Complexity often appears as unpredictability, or as a tendency for a system to undergo sudden, rapid change. Typically, it arises within systems that have strong interrelationships between components. For instance, the coordinated action of millions of individual cells, all tightly bound together, produces the action of muscles in the body. Epidemics emerge from the spread of infection from individual to individual.
Complexity theory has its roots in many fields of research, including biology, computer science, ecology, engineering control systems, nuclear physics, and operations research. In physics, for instance, there is a need to understand properties that emerge within large ensembles of atoms and other particles. General systems theory, developed by the biologist Ludwig von Bertalanffy in the 1950s, identified the role of internal interactions and processes in self-organization. In the 1960s, W. Ross Ashby and Norbert Wiener developed cybernetics, which concerned communications and feedback in the control of systems. Complexity theory came into its own during the late 1980s, as increasing computing power made large-scale simulation studies practical. The formation of specialist research centers, such as the Santa Fe Institute, did much to promote the new science during the 1990s. See also: Cybernetics; Ecology; Nuclear structure; Operations research
Several fields of research have become closely linked to complexity theory. The link to graph theory is assured by the network model of complexity (discussed below). The relevance of chaos theory arises because complexity in dynamic systems often leads to nonlinear and chaotic behavior. Another related field is artificial life (Alife), which concerns lifelike features found in artificial systems. By addressing complexity in living systems, this field has influenced the development of theory in evolution, ecology, and sociobiology. Evolutionary computing concerns computational processes that address complex problems by mimicking species evolution. The best-known example is the genetic algorithm, introduced by John Holland in 1975. This solves complex optimization problems by treating key parameters as genes within a population of potential solutions. Complex adaptive systems (CAS) are systems, such as brains or societies, composed of interacting elements that adapt or change in response to experience. See also: Chaos; Evolutionary computation; Genetic algorithms; Graph theory
In most cases, complexity can be understood in terms of networks. This model treats systems as sets of objects (“nodes”) with connections (“edges”) linking them. For instance, within a flock of birds the nodes would be birds and their interactions would be the edges. In a nuclear chain reaction, the nodes would be atoms and the edges would be moving neutrons. The network model also applies to processes and behavior. In a game of chess, for instance, each arrangement of pieces on the board is a node in a network of board arrangements, and moves by the players provide the edges that link different arrangements. In many games, for instance, a general strategy is to restrict your opponent's moves while maximizing the number of possible moves that you can make.
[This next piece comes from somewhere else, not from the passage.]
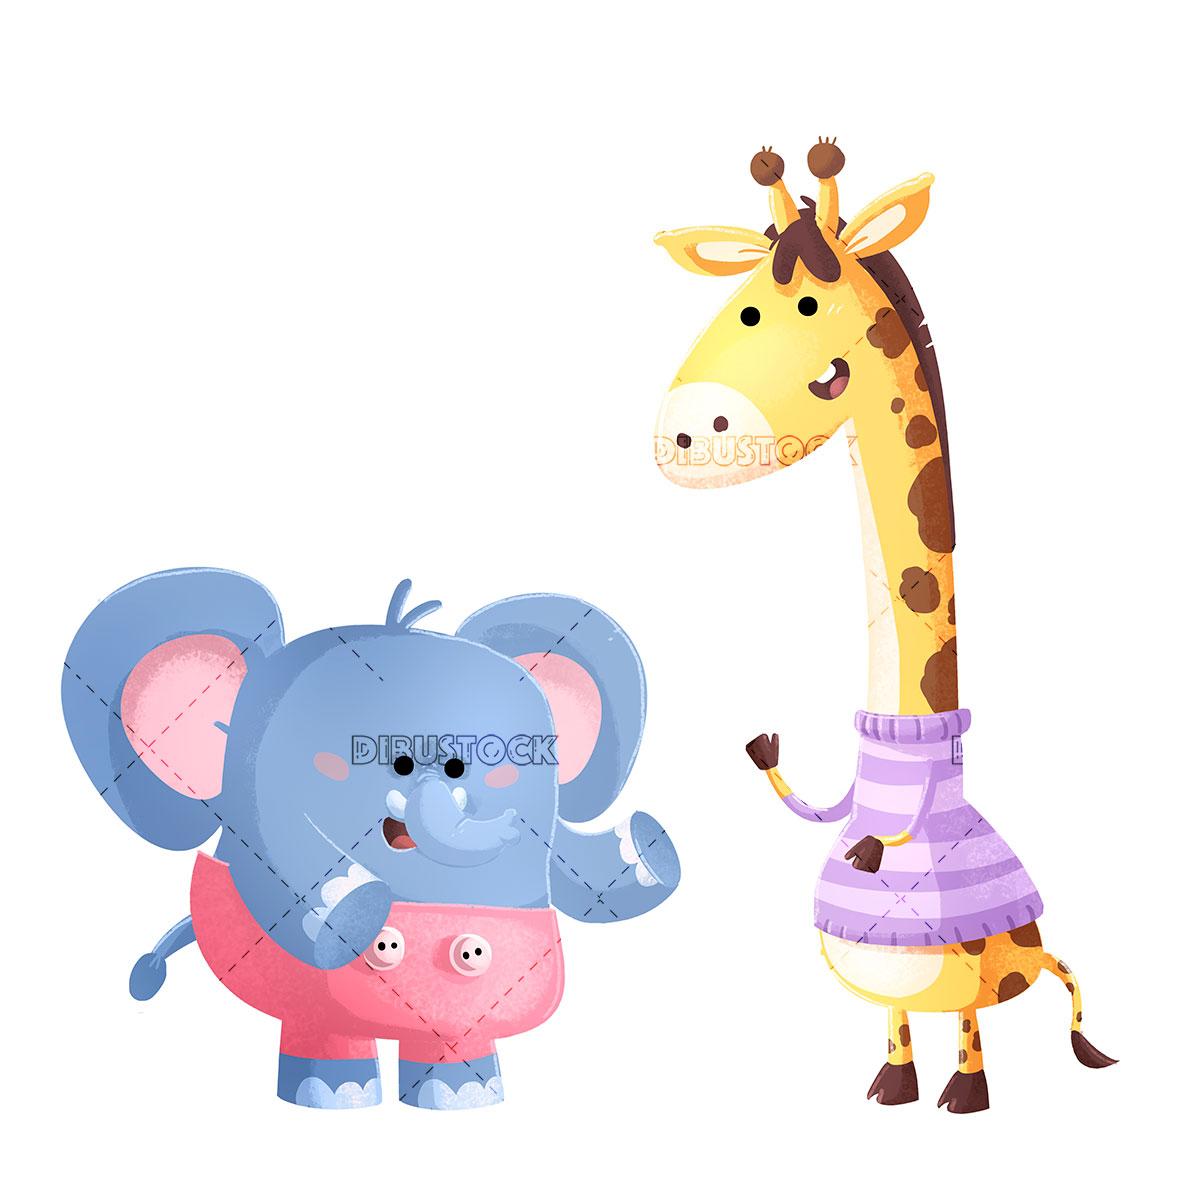 Elephant and giraffe on isolated background

Strictly speaking, a set of nodes linked by edges forms a graph (for example, people who are neighbors of each other). A directed graph is a graph in which each edge has direction (for example, descendants in a family), and a network is a graph in which the nodes or edges have attributes associated with them (for example, people have names).
In any network, some features arise from the nature of the objects and their relationships, and some emerge from the underlying network. A network is connected if there is a path (a sequence of edges) leading from any one node to any other. For example, the edges A-B, B-C, C-D form a path between nodes A and D. Attributes that are often used to express the structure of different networks include:
Connectivity (the number of edges that must be removed to break the network apart).
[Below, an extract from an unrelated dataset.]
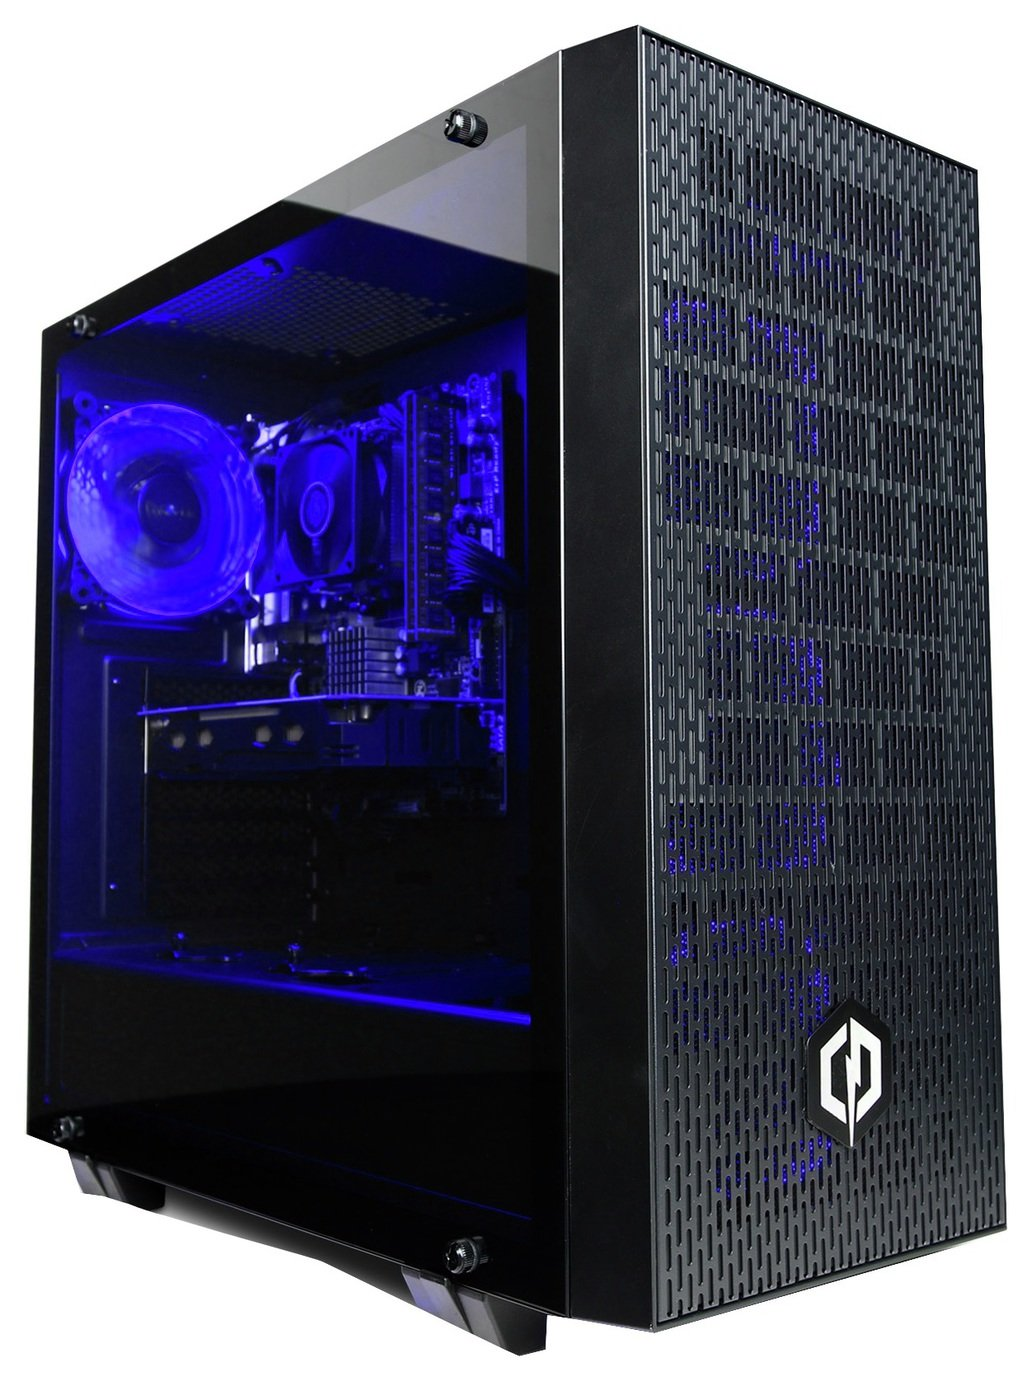 Image of Cyberpower PC Aries i5 8GB 2TB GTX1050Ti Gaming PC

Edge density (the number of edges as a fraction of the total number possible).
Clustering (the density of links between sets of nodes linked to a given node).
Diameter (the greatest separation between pairs of nodes, where separation is taken to mean the shortest path between a given pair of nodes).
Several kinds of network structure are common because they confer important properties:
1. Cycles or circuits (Fig. 1a) are regular networks in which a single path joins every node. The sequence of edges A-B, B-C, C-D, D-A forms a cycle linking the nodes A, B, C, and D.
2. Trees (Fig. 1b) are connected networks that contain no cycles. Hierarchies are trees with a root node, a node that all edges lead away from (for example, a common ancestor in a family tree). In computing, objects can form hierarchies in two ways: whole-part hierarchies (for example, in a whole book, the parts are chapters), and gen-spec hierarchies (for example, a novel is a special kind of book, and a book is a special kind of publication).
3. Random networks (Fig. 1c) are networks in which edges are distributed randomly between nodes.
4. Regular networks (Fig. 1d) are connected networks in which the edges form a pattern (for example, a lattice or grid).
5. Scale-free networks (Fig. 1e) form when new nodes in a growing network attach preferentially to existing nodes with highest connectivity. The resulting distribution of links per node obeys an inverse power law. That is, some nodes have many connections, but most have few. Web sites on the Internet, connected by hypertext links, provide a good example.
6. Small worlds (Fig. 1f) are connected graphs that contain both local clusters and long-range interactions. They fall between random networks at one extreme and regular networks at the other. Social networks often take this form.
Complex systems have a tendency to undergo sudden change. Examples include crystallization, water freezing, and epidemics. In all cases, these phase changes occur at a fixed value (the critical point) of some order parameter (for example, water freezes at a temperature of 0°C). Phase transitions can usually be understood as connectivity avalanches in an underlying network (Fig. 2). If a network is formed by adding edges at random to a set of N nodes, then a phase change (connectivity avalanche) occurs when the number of edges reaches the critical density N/2 (Fig. 3): the nodes become absorbed into a unique giant component. This connectivity avalanche translates into many physical processes. In crystallization, for instance, it involves small crystal seeds merging to form large structures. In all epidemic phenomena, the process requires a certain critical level of interaction to sustain itself. Nuclear fission, for instance, starts when the fuel reaches a critical mass. See also: Critical mass; Critical phenomena; Crystallization; Epidemic; Phase transitions
Automata whose state spaces lie close to the phase change in connectivity (the so-called edge of chaos) often exhibit interesting behavior, leading to speculation that only these automata are capable of universal computation and the ability to evolve.
Self-organized criticality occurs when internal processes maintain a system in a critical state (for example, a sand pile). Characteristically, the frequency (f) of events in such a system (for example, the sand pile collapses) follows an inverse power law f(s) = s−τ, where s is the size of the event and τ is a self-similarity exponent.
Encapsulation involves grouping nodes in a network into modules that are highly connected internally, but with limited connections to the rest of the network. In both natural and artificial systems, encapsulation is the most common way of coping with complexity. It appears in many different guises. In human activity, large tasks are usually broken down into manageable parts: Large corporations are typically divided into work units such as divisions, departments, and sections. Likewise, filing systems are divided into cabinets, drawers, files, and folders.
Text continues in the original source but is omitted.